#### What is needed:
From the first line to the last, set down the material exactly and drop every picture.

#### Dataset excerpt:
>>>>

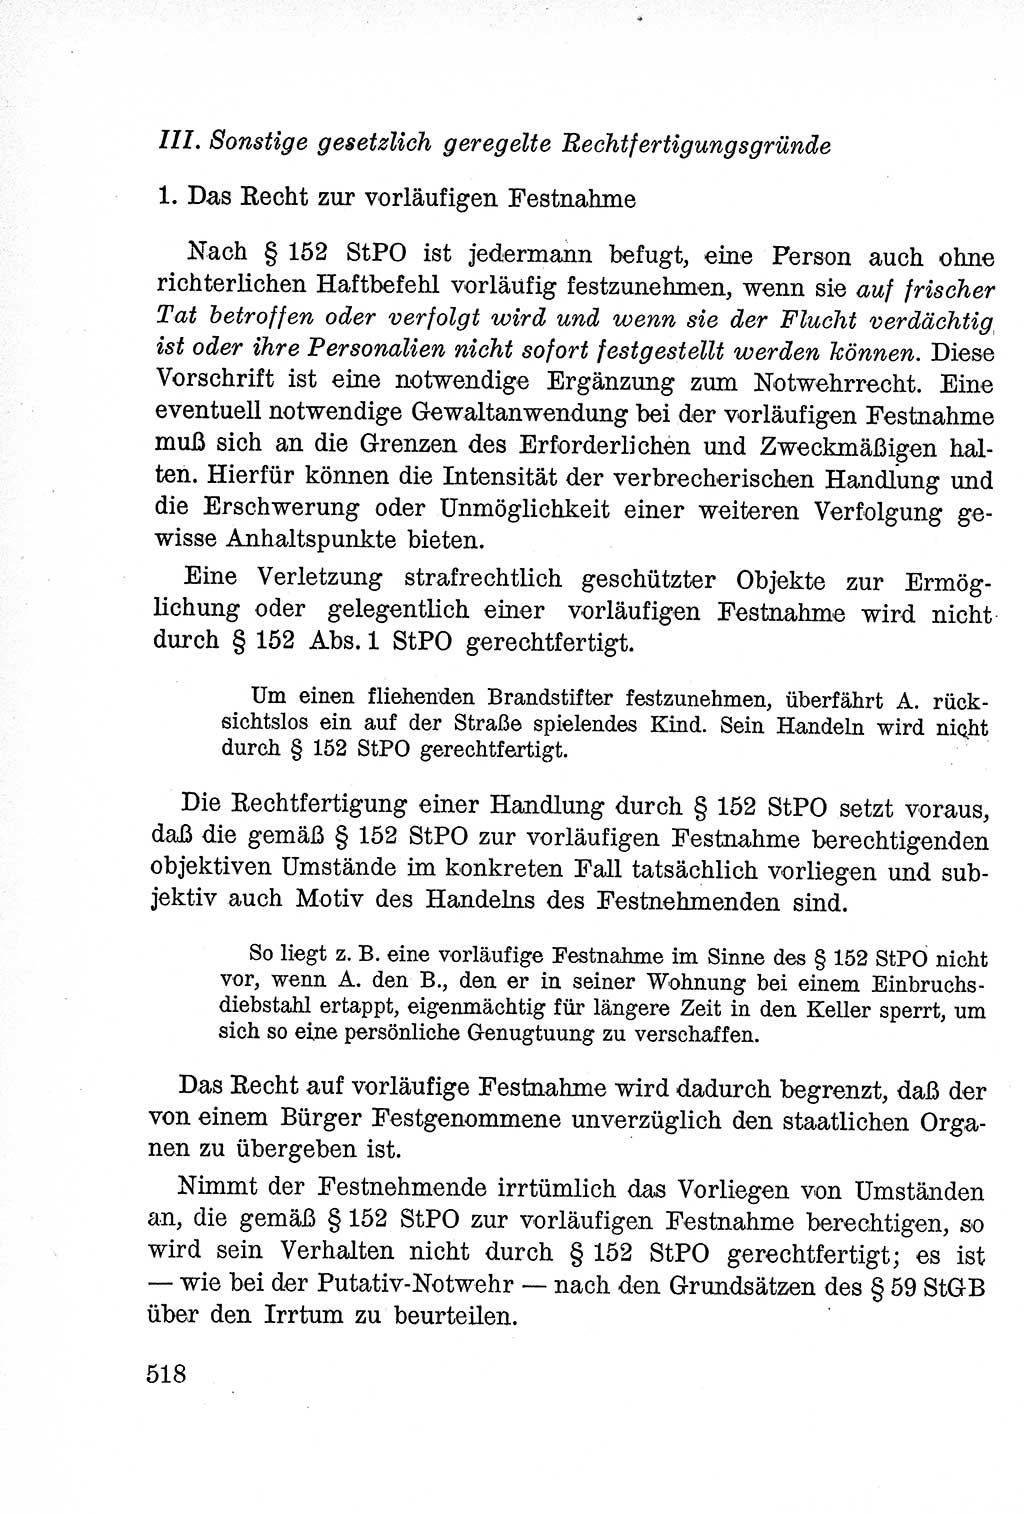 Lehrbuch des Strafrechts der Deutschen Demokratischen Republik (DDR), Allgemeiner Teil 1957, Seite 518 (Lb. Strafr. DDR AT 1957, S. 518)
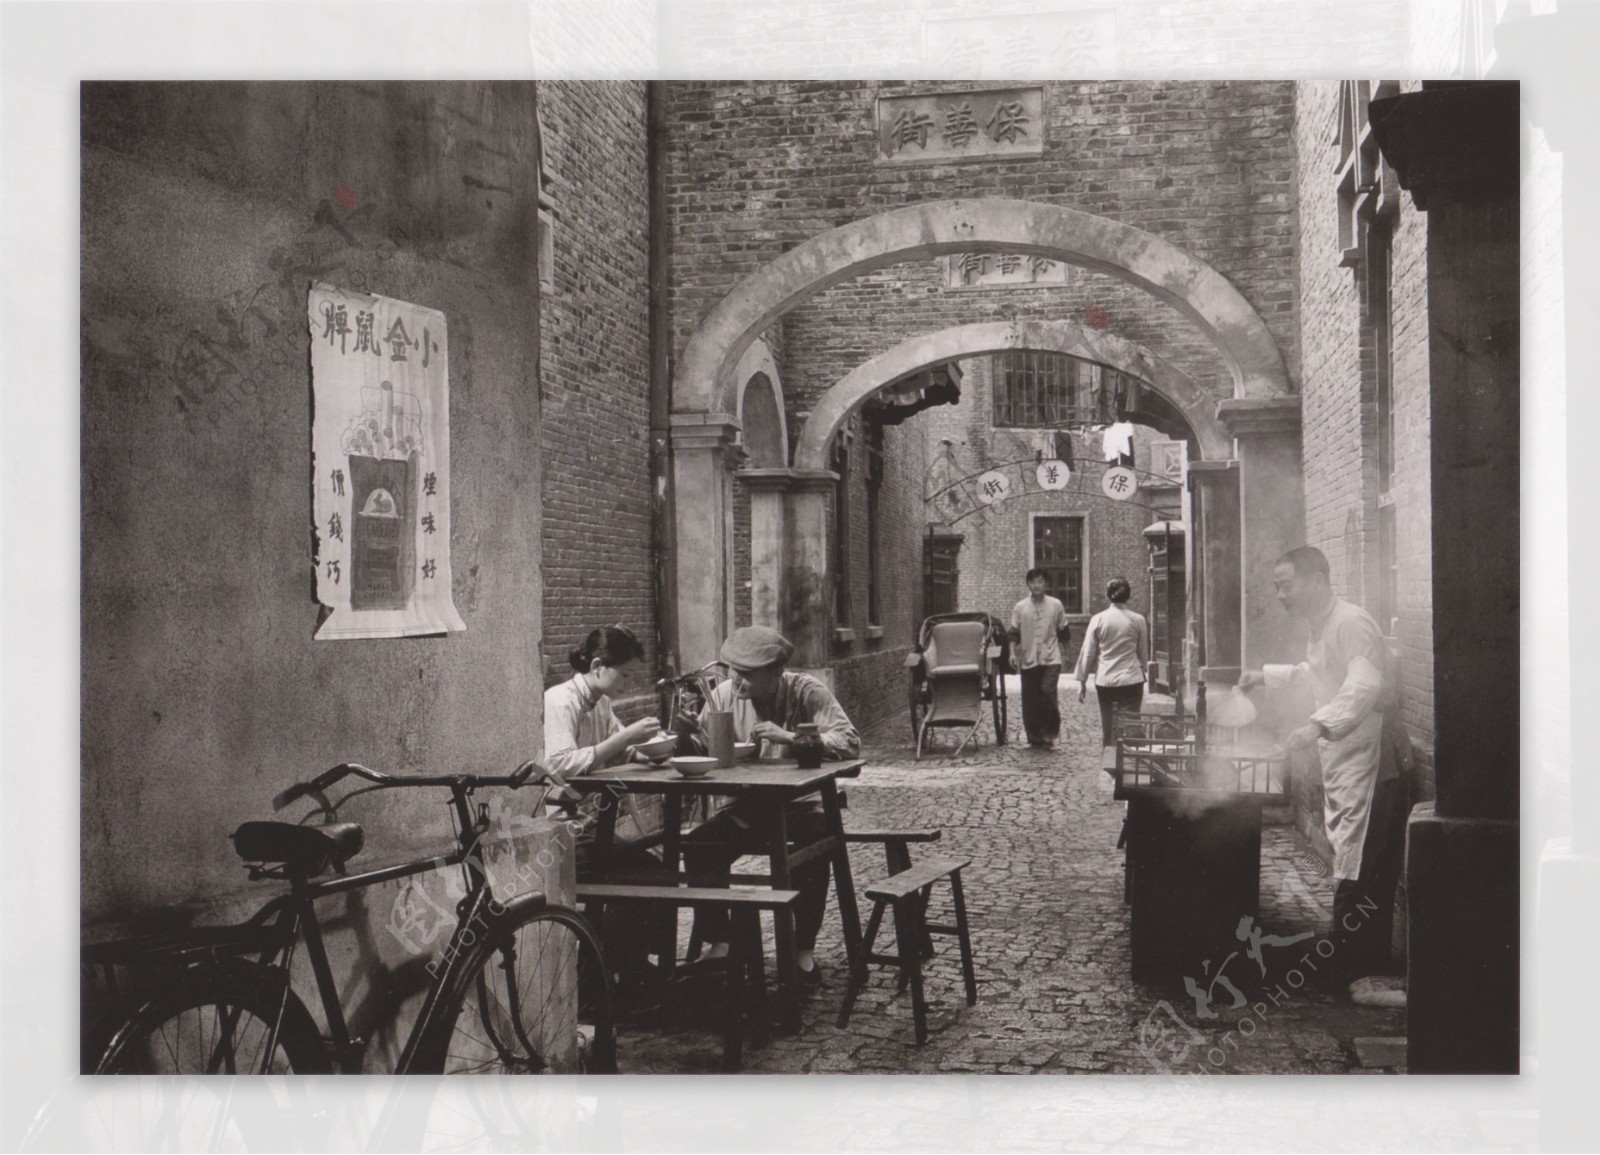 老上海街道图片
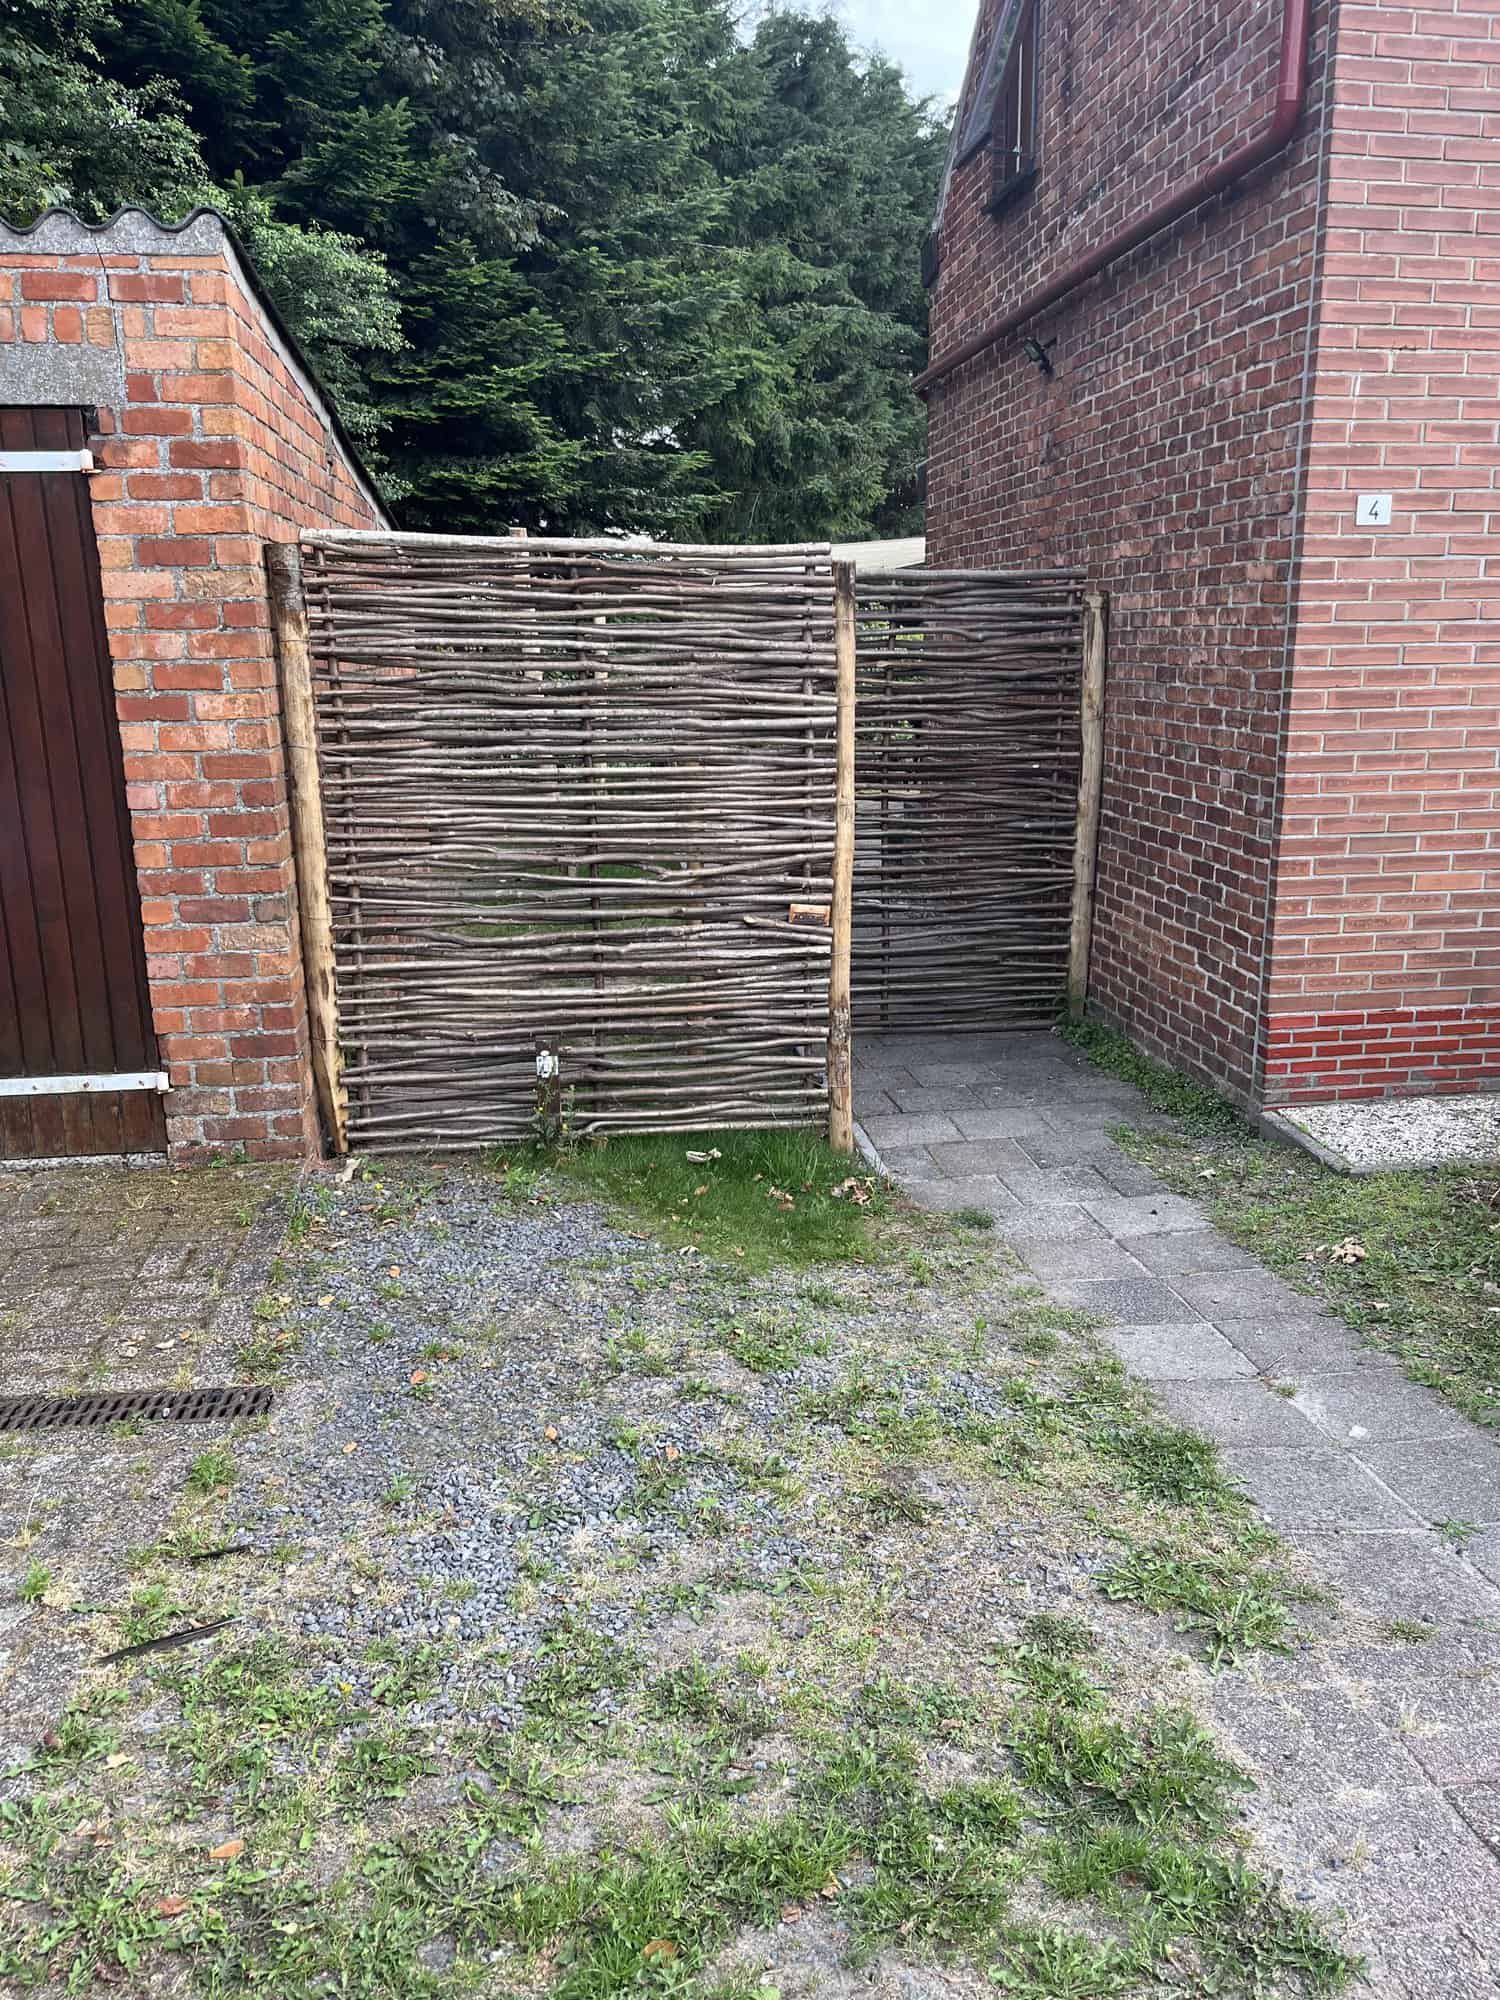 Haselnuss Zaun Somme 1 in der Größe 150 cm breit und 180 cm hoch als kreativer Zaun zwischen Haus und Scheune.
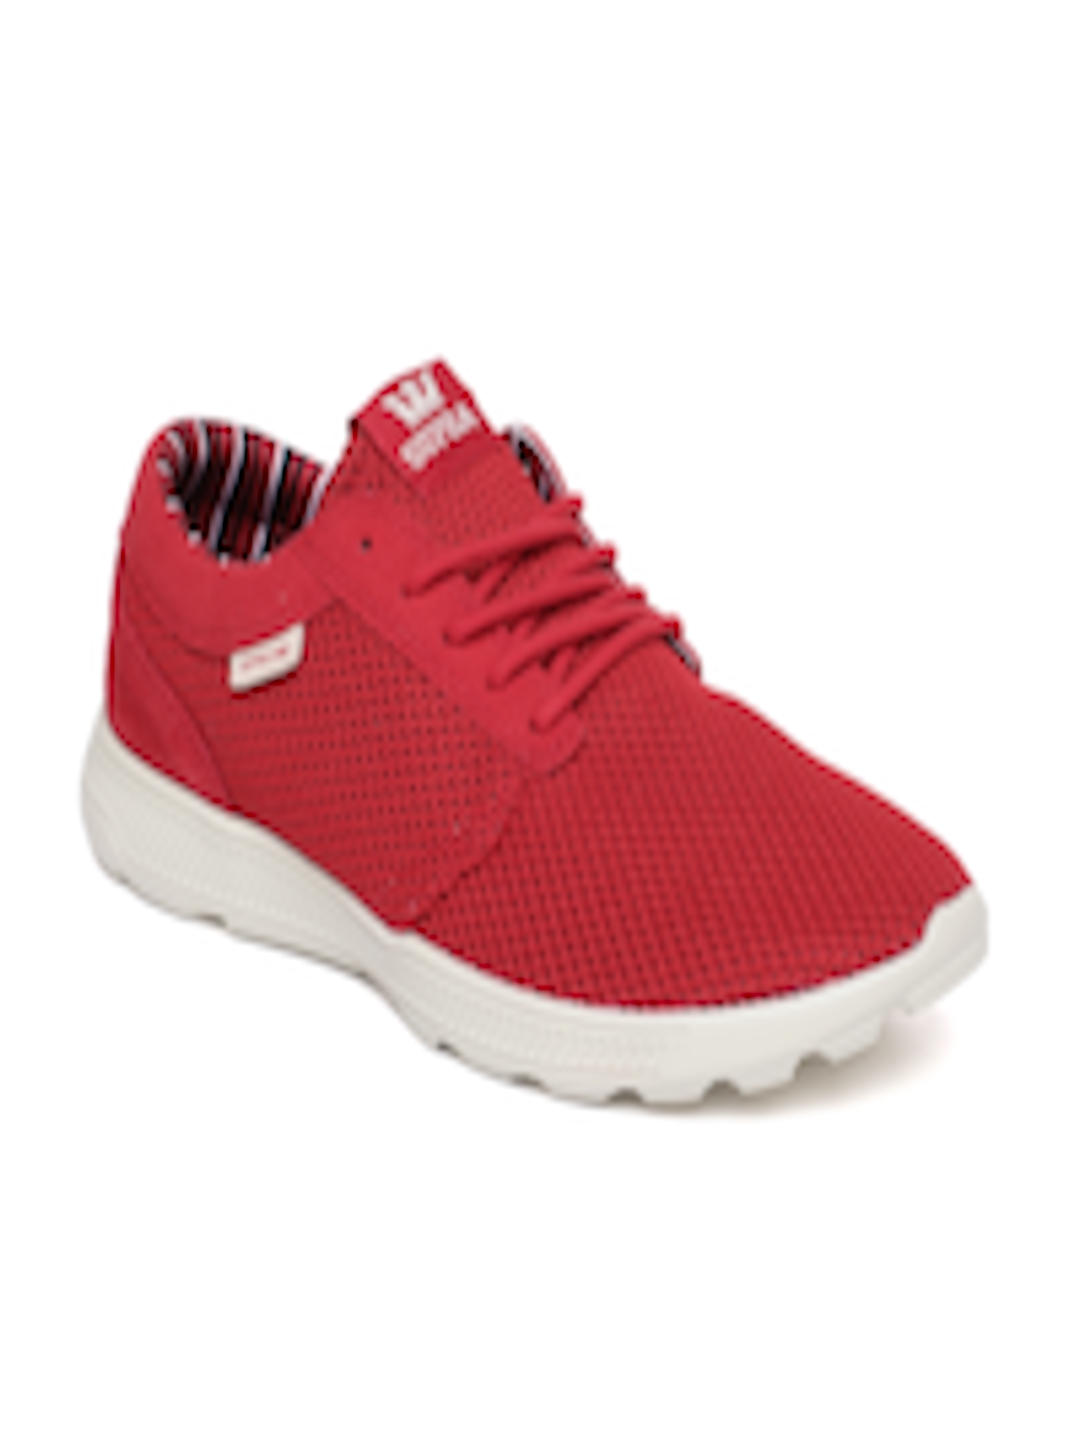 Buy Supra Men Red HAMMER RUN Sneakers - Casual Shoes for Men 8419745 ...

<<<<

#### Completed exercise:
 Lehrbuch des Strafrechts der Deutschen Demokratischen Republik (DDR), Allgemeiner Teil 1957, Seite 518 (Lb. Strafr. DDR AT 1957, S. 518)
 老上海街道图片
 Haselnuss Zaun Somme 1 in der Größe 150 cm breit und 180 cm hoch als kreativer Zaun zwischen Haus und Scheune.
 Buy Supra Men Red HAMMER RUN Sneakers - Casual Shoes for Men 8419745 ...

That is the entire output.